• _Task to complete_
When you reach the records below, repeat each one exactly as written.

• _Data for this exercise_
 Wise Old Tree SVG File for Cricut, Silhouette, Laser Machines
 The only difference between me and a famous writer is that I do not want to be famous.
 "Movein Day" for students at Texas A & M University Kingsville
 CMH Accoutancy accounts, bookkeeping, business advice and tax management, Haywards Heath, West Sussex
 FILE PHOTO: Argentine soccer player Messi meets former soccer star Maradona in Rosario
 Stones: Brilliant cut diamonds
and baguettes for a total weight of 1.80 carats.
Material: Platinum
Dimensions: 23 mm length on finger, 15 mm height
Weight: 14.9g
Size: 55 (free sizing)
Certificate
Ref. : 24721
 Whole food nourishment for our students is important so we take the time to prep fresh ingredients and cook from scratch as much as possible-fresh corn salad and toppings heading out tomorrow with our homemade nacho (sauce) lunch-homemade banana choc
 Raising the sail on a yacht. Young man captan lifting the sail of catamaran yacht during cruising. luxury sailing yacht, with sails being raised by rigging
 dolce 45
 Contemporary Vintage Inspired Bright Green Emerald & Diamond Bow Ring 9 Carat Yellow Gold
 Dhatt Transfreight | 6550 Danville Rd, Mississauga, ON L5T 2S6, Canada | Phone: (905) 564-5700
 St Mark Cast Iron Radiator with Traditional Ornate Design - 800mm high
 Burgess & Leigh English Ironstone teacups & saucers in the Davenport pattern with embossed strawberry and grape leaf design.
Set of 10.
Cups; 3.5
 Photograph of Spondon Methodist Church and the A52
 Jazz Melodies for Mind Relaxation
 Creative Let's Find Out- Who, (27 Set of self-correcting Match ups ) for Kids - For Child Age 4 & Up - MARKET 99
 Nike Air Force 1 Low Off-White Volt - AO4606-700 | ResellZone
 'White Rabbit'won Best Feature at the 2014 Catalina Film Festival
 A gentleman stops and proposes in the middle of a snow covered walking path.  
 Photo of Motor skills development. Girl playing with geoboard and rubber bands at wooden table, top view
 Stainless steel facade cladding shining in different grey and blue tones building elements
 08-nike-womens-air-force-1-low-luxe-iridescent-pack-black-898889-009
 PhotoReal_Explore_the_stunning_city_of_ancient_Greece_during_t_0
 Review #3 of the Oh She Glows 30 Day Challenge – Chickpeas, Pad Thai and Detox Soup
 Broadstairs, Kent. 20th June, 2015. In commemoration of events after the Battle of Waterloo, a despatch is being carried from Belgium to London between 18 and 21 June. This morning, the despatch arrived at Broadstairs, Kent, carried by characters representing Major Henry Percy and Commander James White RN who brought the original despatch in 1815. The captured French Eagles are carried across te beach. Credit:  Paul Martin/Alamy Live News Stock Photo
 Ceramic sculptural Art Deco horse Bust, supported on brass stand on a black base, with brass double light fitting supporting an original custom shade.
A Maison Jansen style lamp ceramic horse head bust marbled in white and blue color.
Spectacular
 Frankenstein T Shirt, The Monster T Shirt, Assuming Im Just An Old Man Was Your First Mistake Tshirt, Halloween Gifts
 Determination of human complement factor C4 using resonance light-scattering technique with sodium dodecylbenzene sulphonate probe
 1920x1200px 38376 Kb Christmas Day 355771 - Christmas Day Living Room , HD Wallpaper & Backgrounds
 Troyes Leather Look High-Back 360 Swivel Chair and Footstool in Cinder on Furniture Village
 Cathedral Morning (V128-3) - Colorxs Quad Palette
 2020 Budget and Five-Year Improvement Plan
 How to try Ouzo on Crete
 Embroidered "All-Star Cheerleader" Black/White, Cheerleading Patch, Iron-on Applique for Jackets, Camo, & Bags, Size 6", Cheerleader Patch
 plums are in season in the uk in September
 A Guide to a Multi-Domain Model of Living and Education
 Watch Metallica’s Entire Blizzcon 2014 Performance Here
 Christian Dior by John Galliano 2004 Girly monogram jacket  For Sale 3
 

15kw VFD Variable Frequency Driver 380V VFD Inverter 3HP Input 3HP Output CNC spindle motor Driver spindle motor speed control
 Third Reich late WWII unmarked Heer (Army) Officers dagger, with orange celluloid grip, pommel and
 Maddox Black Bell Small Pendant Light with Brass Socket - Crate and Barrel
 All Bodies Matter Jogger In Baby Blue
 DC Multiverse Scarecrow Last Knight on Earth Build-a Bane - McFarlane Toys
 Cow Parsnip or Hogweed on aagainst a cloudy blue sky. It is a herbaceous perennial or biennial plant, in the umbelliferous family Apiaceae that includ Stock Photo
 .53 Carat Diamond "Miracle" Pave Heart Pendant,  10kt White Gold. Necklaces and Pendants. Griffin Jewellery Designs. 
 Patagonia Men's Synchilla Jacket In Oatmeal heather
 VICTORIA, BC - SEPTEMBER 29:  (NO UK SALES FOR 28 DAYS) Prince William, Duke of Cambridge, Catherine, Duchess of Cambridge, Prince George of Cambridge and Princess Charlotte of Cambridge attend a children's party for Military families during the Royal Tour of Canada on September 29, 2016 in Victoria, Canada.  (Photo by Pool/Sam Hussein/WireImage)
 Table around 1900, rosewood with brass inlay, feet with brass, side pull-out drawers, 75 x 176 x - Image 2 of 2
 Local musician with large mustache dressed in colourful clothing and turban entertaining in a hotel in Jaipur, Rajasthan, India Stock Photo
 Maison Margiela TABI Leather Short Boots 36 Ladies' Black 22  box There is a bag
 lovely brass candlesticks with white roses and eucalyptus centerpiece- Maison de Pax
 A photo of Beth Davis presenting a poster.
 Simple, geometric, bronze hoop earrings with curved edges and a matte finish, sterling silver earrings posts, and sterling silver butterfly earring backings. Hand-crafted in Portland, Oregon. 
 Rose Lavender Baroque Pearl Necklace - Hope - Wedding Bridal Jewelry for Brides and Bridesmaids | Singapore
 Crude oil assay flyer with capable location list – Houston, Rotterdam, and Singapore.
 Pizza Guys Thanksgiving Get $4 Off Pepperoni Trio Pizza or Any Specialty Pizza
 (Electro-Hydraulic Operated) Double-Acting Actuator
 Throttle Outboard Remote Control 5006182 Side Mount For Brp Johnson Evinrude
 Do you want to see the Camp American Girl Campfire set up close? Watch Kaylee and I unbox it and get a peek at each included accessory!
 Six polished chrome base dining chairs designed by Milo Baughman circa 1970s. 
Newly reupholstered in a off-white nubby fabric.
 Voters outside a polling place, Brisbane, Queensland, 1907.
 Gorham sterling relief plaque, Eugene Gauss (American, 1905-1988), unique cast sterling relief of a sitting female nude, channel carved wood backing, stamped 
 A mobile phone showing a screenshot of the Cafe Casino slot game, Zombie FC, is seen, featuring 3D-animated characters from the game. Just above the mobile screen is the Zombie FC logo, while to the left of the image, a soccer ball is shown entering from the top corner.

• _Answer_
 Wise Old Tree SVG File for Cricut, Silhouette, Laser Machines
 The only difference between me and a famous writer is that I do not want to be famous.
 "Movein Day" for students at Texas A & M University Kingsville
 CMH Accoutancy accounts, bookkeeping, business advice and tax management, Haywards Heath, West Sussex
 FILE PHOTO: Argentine soccer player Messi meets former soccer star Maradona in Rosario
 Stones: Brilliant cut diamonds
and baguettes for a total weight of 1.80 carats.
Material: Platinum
Dimensions: 23 mm length on finger, 15 mm height
Weight: 14.9g
Size: 55 (free sizing)
Certificate
Ref. : 24721
 Whole food nourishment for our students is important so we take the time to prep fresh ingredients and cook from scratch as much as possible-fresh corn salad and toppings heading out tomorrow with our homemade nacho (sauce) lunch-homemade banana choc
 Raising the sail on a yacht. Young man captan lifting the sail of catamaran yacht during cruising. luxury sailing yacht, with sails being raised by rigging
 dolce 45
 Contemporary Vintage Inspired Bright Green Emerald & Diamond Bow Ring 9 Carat Yellow Gold
 Dhatt Transfreight | 6550 Danville Rd, Mississauga, ON L5T 2S6, Canada | Phone: (905) 564-5700
 St Mark Cast Iron Radiator with Traditional Ornate Design - 800mm high
 Burgess & Leigh English Ironstone teacups & saucers in the Davenport pattern with embossed strawberry and grape leaf design.
Set of 10.
Cups; 3.5
 Photograph of Spondon Methodist Church and the A52
 Jazz Melodies for Mind Relaxation
 Creative Let's Find Out- Who, (27 Set of self-correcting Match ups ) for Kids - For Child Age 4 & Up - MARKET 99
 Nike Air Force 1 Low Off-White Volt - AO4606-700 | ResellZone
 'White Rabbit'won Best Feature at the 2014 Catalina Film Festival
 A gentleman stops and proposes in the middle of a snow covered walking path.  
 Photo of Motor skills development. Girl playing with geoboard and rubber bands at wooden table, top view
 Stainless steel facade cladding shining in different grey and blue tones building elements
 08-nike-womens-air-force-1-low-luxe-iridescent-pack-black-898889-009
 PhotoReal_Explore_the_stunning_city_of_ancient_Greece_during_t_0
 Review #3 of the Oh She Glows 30 Day Challenge – Chickpeas, Pad Thai and Detox Soup
 Broadstairs, Kent. 20th June, 2015. In commemoration of events after the Battle of Waterloo, a despatch is being carried from Belgium to London between 18 and 21 June. This morning, the despatch arrived at Broadstairs, Kent, carried by characters representing Major Henry Percy and Commander James White RN who brought the original despatch in 1815. The captured French Eagles are carried across te beach. Credit:  Paul Martin/Alamy Live News Stock Photo
 Ceramic sculptural Art Deco horse Bust, supported on brass stand on a black base, with brass double light fitting supporting an original custom shade.
A Maison Jansen style lamp ceramic horse head bust marbled in white and blue color.
Spectacular
 Frankenstein T Shirt, The Monster T Shirt, Assuming Im Just An Old Man Was Your First Mistake Tshirt, Halloween Gifts
 Determination of human complement factor C4 using resonance light-scattering technique with sodium dodecylbenzene sulphonate probe
 1920x1200px 38376 Kb Christmas Day 355771 - Christmas Day Living Room , HD Wallpaper & Backgrounds
 Troyes Leather Look High-Back 360 Swivel Chair and Footstool in Cinder on Furniture Village
 Cathedral Morning (V128-3) - Colorxs Quad Palette
 2020 Budget and Five-Year Improvement Plan
 How to try Ouzo on Crete
 Embroidered "All-Star Cheerleader" Black/White, Cheerleading Patch, Iron-on Applique for Jackets, Camo, & Bags, Size 6", Cheerleader Patch
 plums are in season in the uk in September
 A Guide to a Multi-Domain Model of Living and Education
 Watch Metallica’s Entire Blizzcon 2014 Performance Here
 Christian Dior by John Galliano 2004 Girly monogram jacket  For Sale 3
 

15kw VFD Variable Frequency Driver 380V VFD Inverter 3HP Input 3HP Output CNC spindle motor Driver spindle motor speed control
 Third Reich late WWII unmarked Heer (Army) Officers dagger, with orange celluloid grip, pommel and
 Maddox Black Bell Small Pendant Light with Brass Socket - Crate and Barrel
 All Bodies Matter Jogger In Baby Blue
 DC Multiverse Scarecrow Last Knight on Earth Build-a Bane - McFarlane Toys
 Cow Parsnip or Hogweed on aagainst a cloudy blue sky. It is a herbaceous perennial or biennial plant, in the umbelliferous family Apiaceae that includ Stock Photo
 .53 Carat Diamond "Miracle" Pave Heart Pendant,  10kt White Gold. Necklaces and Pendants. Griffin Jewellery Designs. 
 Patagonia Men's Synchilla Jacket In Oatmeal heather
 VICTORIA, BC - SEPTEMBER 29:  (NO UK SALES FOR 28 DAYS) Prince William, Duke of Cambridge, Catherine, Duchess of Cambridge, Prince George of Cambridge and Princess Charlotte of Cambridge attend a children's party for Military families during the Royal Tour of Canada on September 29, 2016 in Victoria, Canada.  (Photo by Pool/Sam Hussein/WireImage)
 Table around 1900, rosewood with brass inlay, feet with brass, side pull-out drawers, 75 x 176 x - Image 2 of 2
 Local musician with large mustache dressed in colourful clothing and turban entertaining in a hotel in Jaipur, Rajasthan, India Stock Photo
 Maison Margiela TABI Leather Short Boots 36 Ladies' Black 22  box There is a bag
 lovely brass candlesticks with white roses and eucalyptus centerpiece- Maison de Pax
 A photo of Beth Davis presenting a poster.
 Simple, geometric, bronze hoop earrings with curved edges and a matte finish, sterling silver earrings posts, and sterling silver butterfly earring backings. Hand-crafted in Portland, Oregon. 
 Rose Lavender Baroque Pearl Necklace - Hope - Wedding Bridal Jewelry for Brides and Bridesmaids | Singapore
 Crude oil assay flyer with capable location list – Houston, Rotterdam, and Singapore.
 Pizza Guys Thanksgiving Get $4 Off Pepperoni Trio Pizza or Any Specialty Pizza
 (Electro-Hydraulic Operated) Double-Acting Actuator
 Throttle Outboard Remote Control 5006182 Side Mount For Brp Johnson Evinrude
 Do you want to see the Camp American Girl Campfire set up close? Watch Kaylee and I unbox it and get a peek at each included accessory!
 Six polished chrome base dining chairs designed by Milo Baughman circa 1970s. 
Newly reupholstered in a off-white nubby fabric.
 Voters outside a polling place, Brisbane, Queensland, 1907.
 Gorham sterling relief plaque, Eugene Gauss (American, 1905-1988), unique cast sterling relief of a sitting female nude, channel carved wood backing, stamped 
 A mobile phone showing a screenshot of the Cafe Casino slot game, Zombie FC, is seen, featuring 3D-animated characters from the game. Just above the mobile screen is the Zombie FC logo, while to the left of the image, a soccer ball is shown entering from the top corner.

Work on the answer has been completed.